Remember, each room function you select drives an optimum size for the room.

Rectangular rooms are easier to decorate than square rooms (and rectangular rugs look better in rectangular rooms); staircases take up a minimum square footage footprint of 150 square feet; ideally, kitchen countertops should be 42 inches apart for maximum efficiency, etc. Focus on the space first and let’s dress the rooms for living later.

Find a 3 x 5 card, measure each room in your existing home, and write the existing room function and size on the card.

“Word pictures” are invaluable, and when function and size enter the discussion further down the line, a quick glance at your card will help you equate what’s being discussed with space in which you are already familiar.

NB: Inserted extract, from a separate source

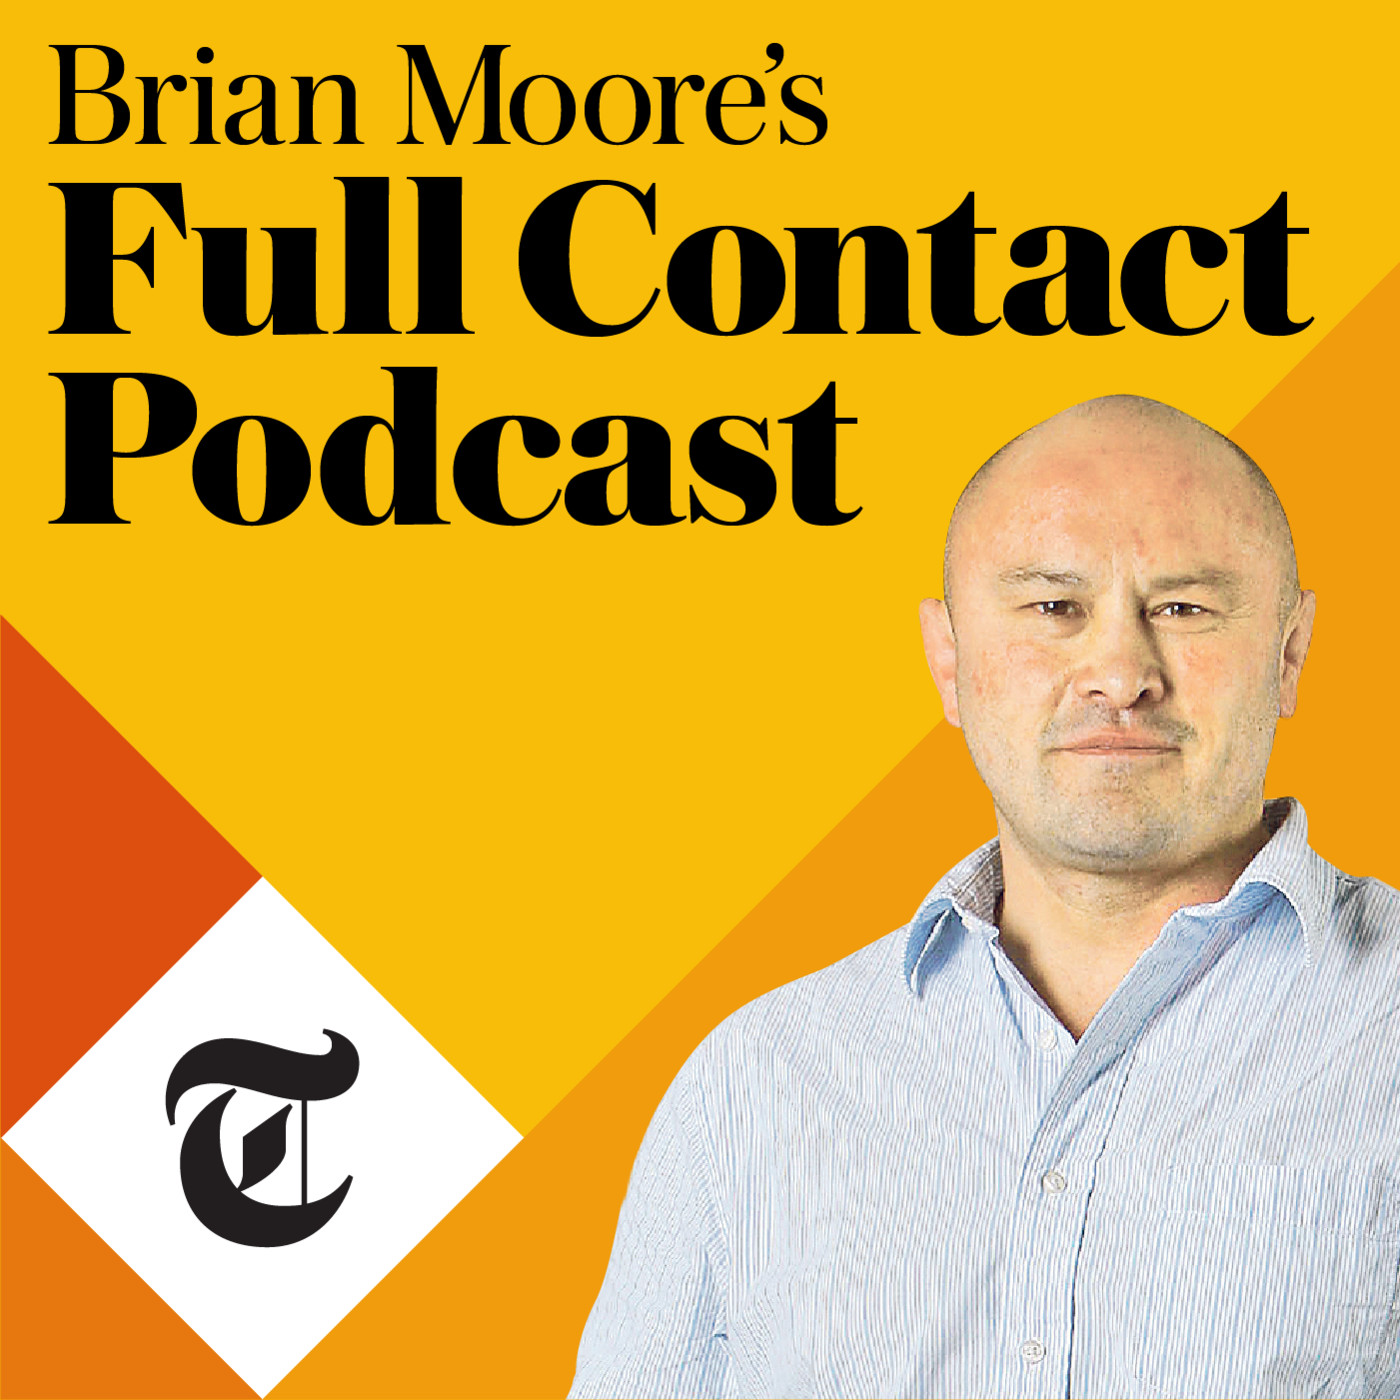 Brian Moore: I didn't believe that the All Blacks would get back into the match and Ireland didn't let them

  • A running inventory evaluation can also be helpful. For instance, “The 16-foot overhead door on my garage really cramps us when parking two cars.”
  • Measure just what you have, and don’t edit what you hope to have.

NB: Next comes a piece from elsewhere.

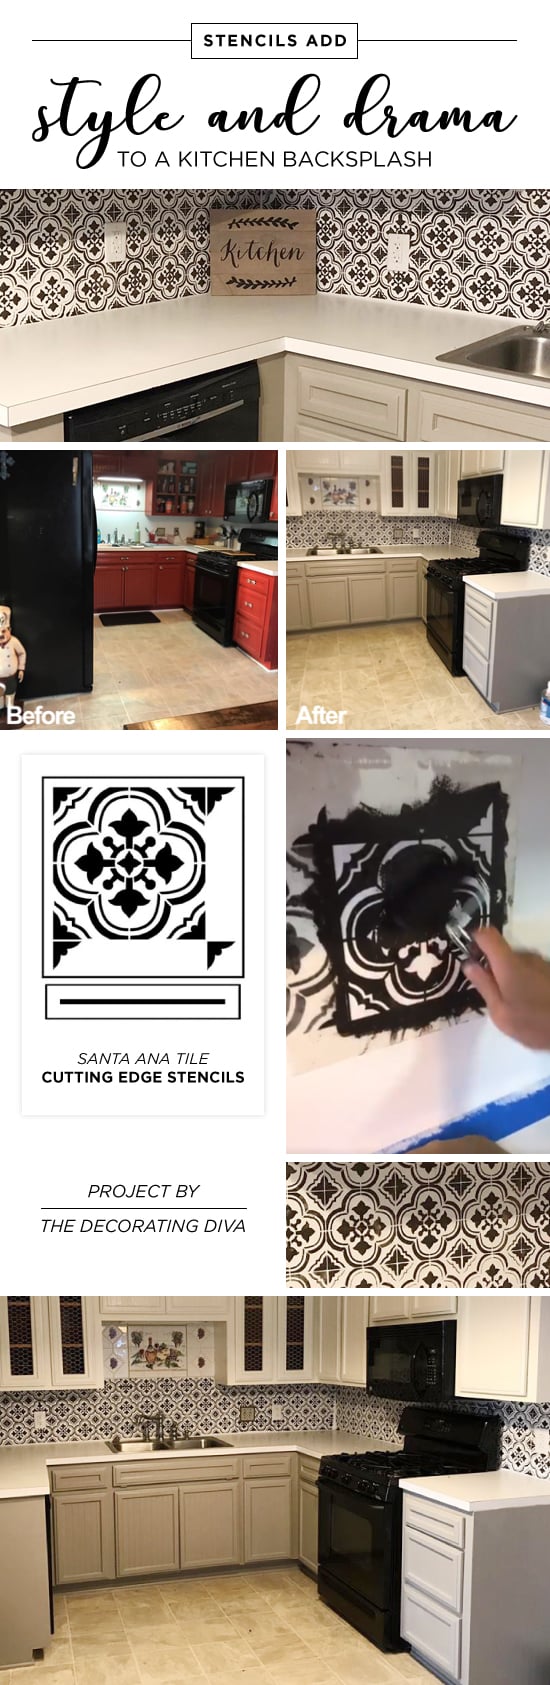 Cutting Edge Stencils shares a kitchen makeover with a faux tile backsplash using the Santa Ana Tile pattern. http://www.cuttingedgestencils.com/santa-ana-tile-stencil-spanish-tiles-cement-tile-patterns.html

Collect, and catalog pictures from magazines, the internet (Houzz and Pinterest are a pretty good start), even homes you’ve visited where ideas abound and you want to capture the idea. 

  • Organize your pictures by room function — kitchens together, great rooms together, outdoor living together, etc. A few good pictures per space is optimum.
  • If something attracts you to a picture but you don’t know what it is, bring it along – it’s the architect’s job to help you define why you like it!
  • DON’T get married to any idea! It’s much more difficult to design around “absolutes” as opposed to “hypotheticals.”

Triangulating between defining function and space, understanding your existing space, and dreaming about what you’d like your new space to look like, maximizes opportunity and minimizes risk. Remember (and we’ll say this often), mistakes and surprises are the enemies of any building and remodeling project. A pound of prevention and proper planning is worth a ton of anguish!

NEXT WEEK: We’ll show you what to do with all of the hard work you’ve invested in the Lifestyle Inventory. We’re going to begin to build your “Project Team” while sharing some tips for interviewing professionals.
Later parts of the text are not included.